– Maman, c’est quoi le langage ?
– Le langage, c’est la maison dans laquelle l’homme habite.
::: Deux ou trois choses que je sais d’elle / Jean-Luc Godard
On raconterait alors comment on s’est retrouvés à 11h16, dix heures à peine après s’être laissés. Ils m’attendaient, avaient déjà pris un café, alors j’ai dit “plus tard”. On raconterait les bretelles, la quête de J pour un costume, et puis voilà une veste, alors un pantalon, mais tiens un café par envie et pour s’abriter – des cordes ! -, et on aurait parlé de matières, motifs, tissus, on aurait touché tout ça, soupesé, et puis les chaussures aussi.
On raconterait le déjeuner, c’était exquis et le serveur était magnifique, un ange tombé du ciel, des boucles d’un blond qu’on n’imaginait pas, des yeux verts qui ne pouvaient pas avoir existé autrement qu’en rêve, il était là, tout près, il parlait mais je n’ai pas retenu, je buvais ses yeux, de toute façon quoi qu’il dise il y avait eu cette phrase : “Le français n’existe pas.”
On dirait au début du troisième paragraphe que j’avais été heureux d’être là avec eux, dans ce trio volubile, léger, rieur, que nous form(i)ons tous les trois.
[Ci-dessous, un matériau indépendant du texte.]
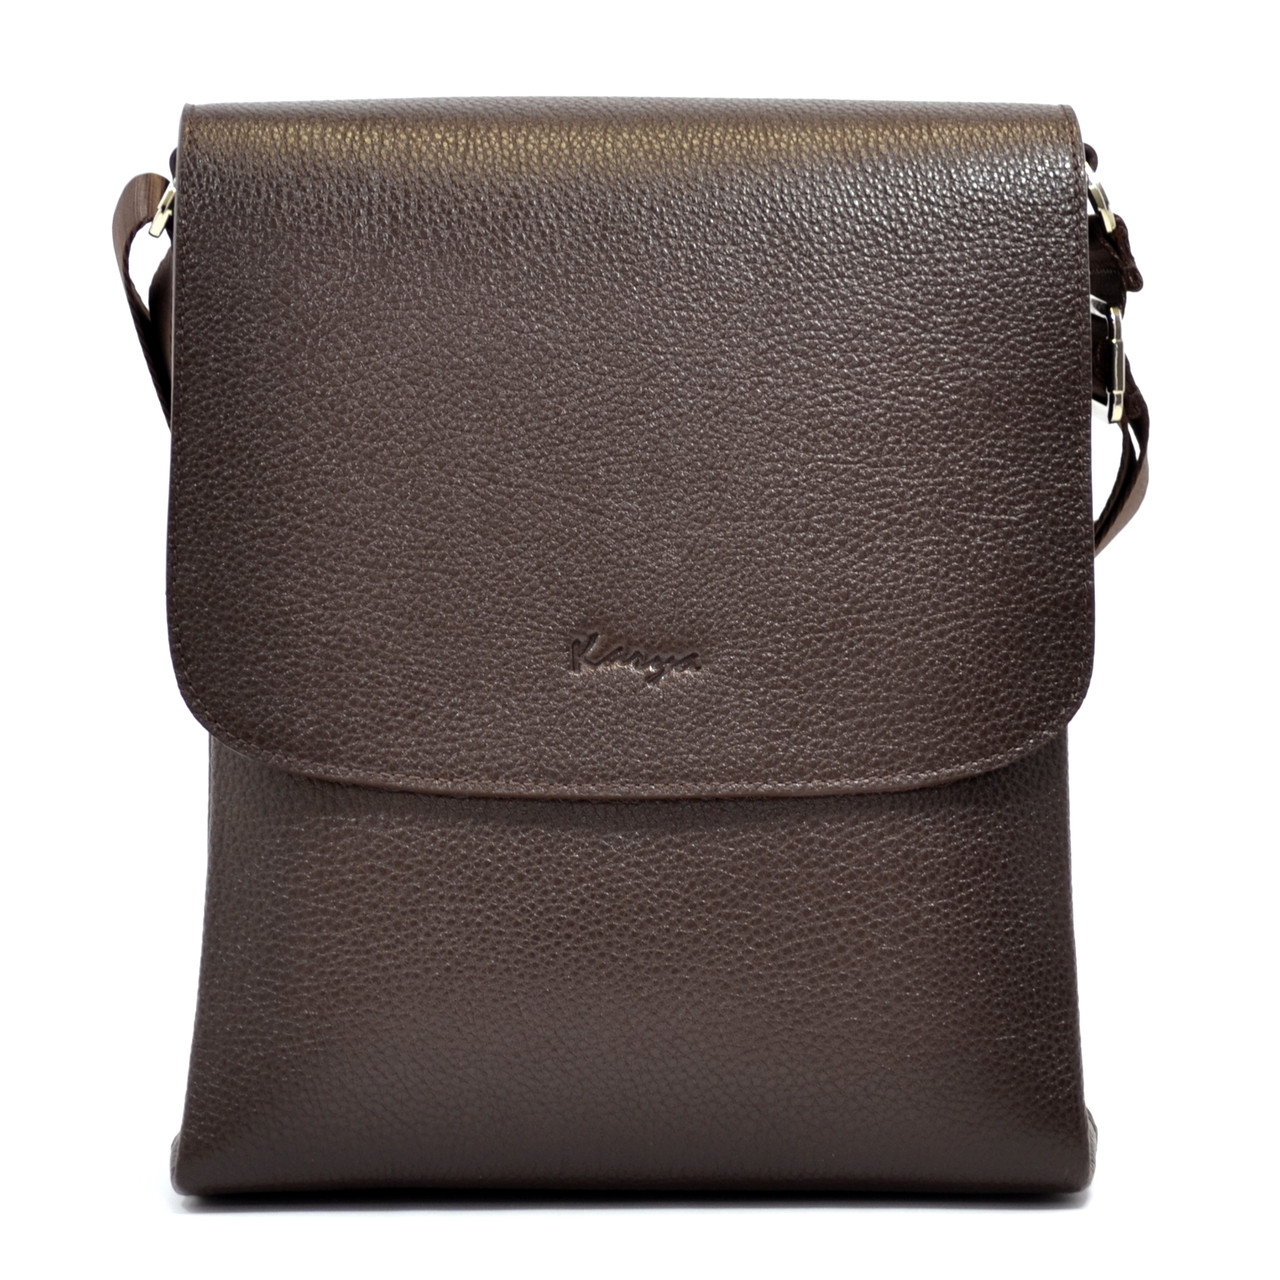 1ad8b8e0ac46 Мужская сумка Karya из натуральной кожи от интернет-магазина
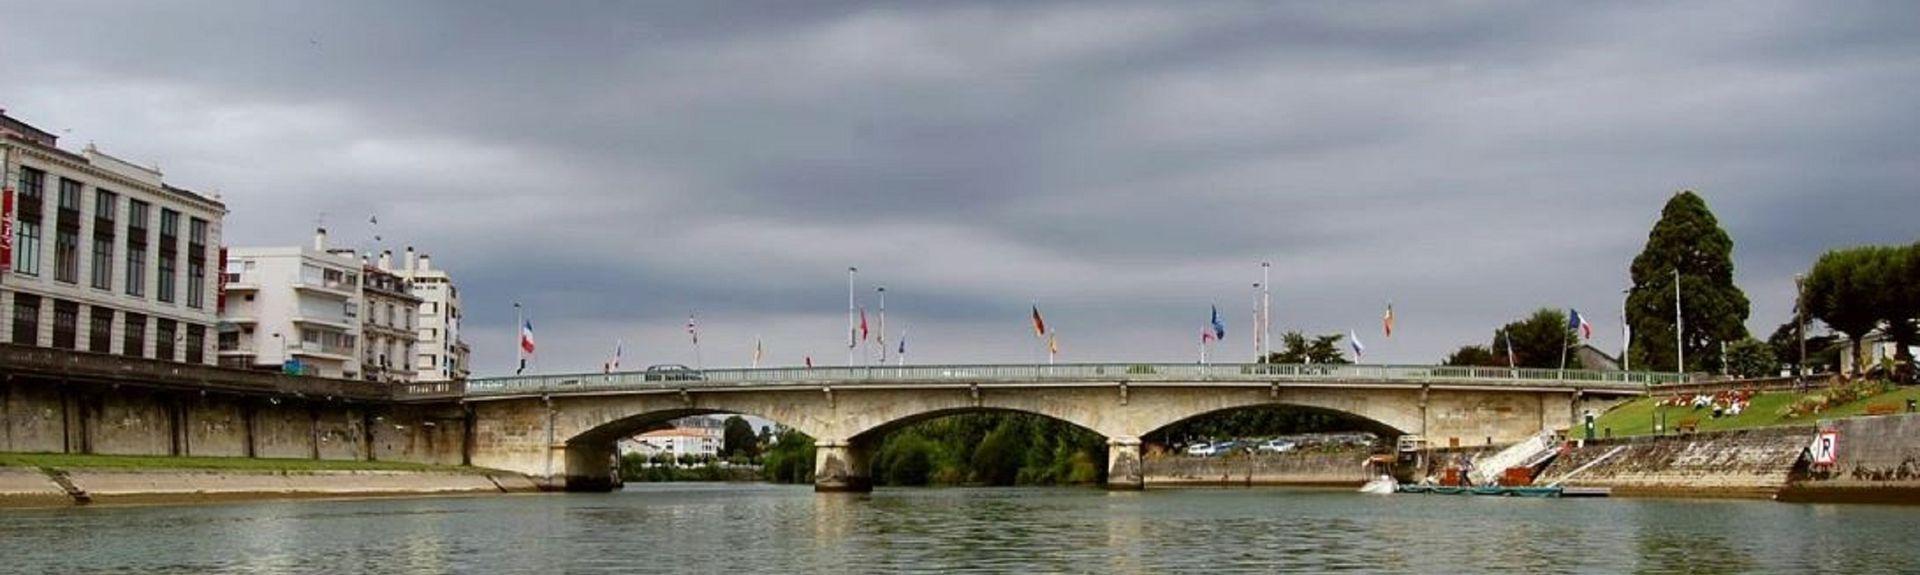 Saint-Romain-de-Benet, France

J’aime ce que nous proposons, j’aime comment nous embrassons nos solitudes respectives ; pour une fois le soir n’était pas tombé.
Le soir n’était pas encore tombé quand j’ai regardé le ciel, celui qui m’est offert du troisième étage. Il faisait froid mais je suis sorti. Les quais étaient presque vides, vidés par le vent glacial. Des filles tiraient sur leur jupe. Là-bas on grelottait. Le ciel était beau, porté par l’horizon qu’offre la Garonne et dont tu m’avais parlé ce jour où nous nous sommes rencontrés. J’ai beaucoup parlé de toi ce matin, surtout avant de m’écrier : c’était ton anniversaire.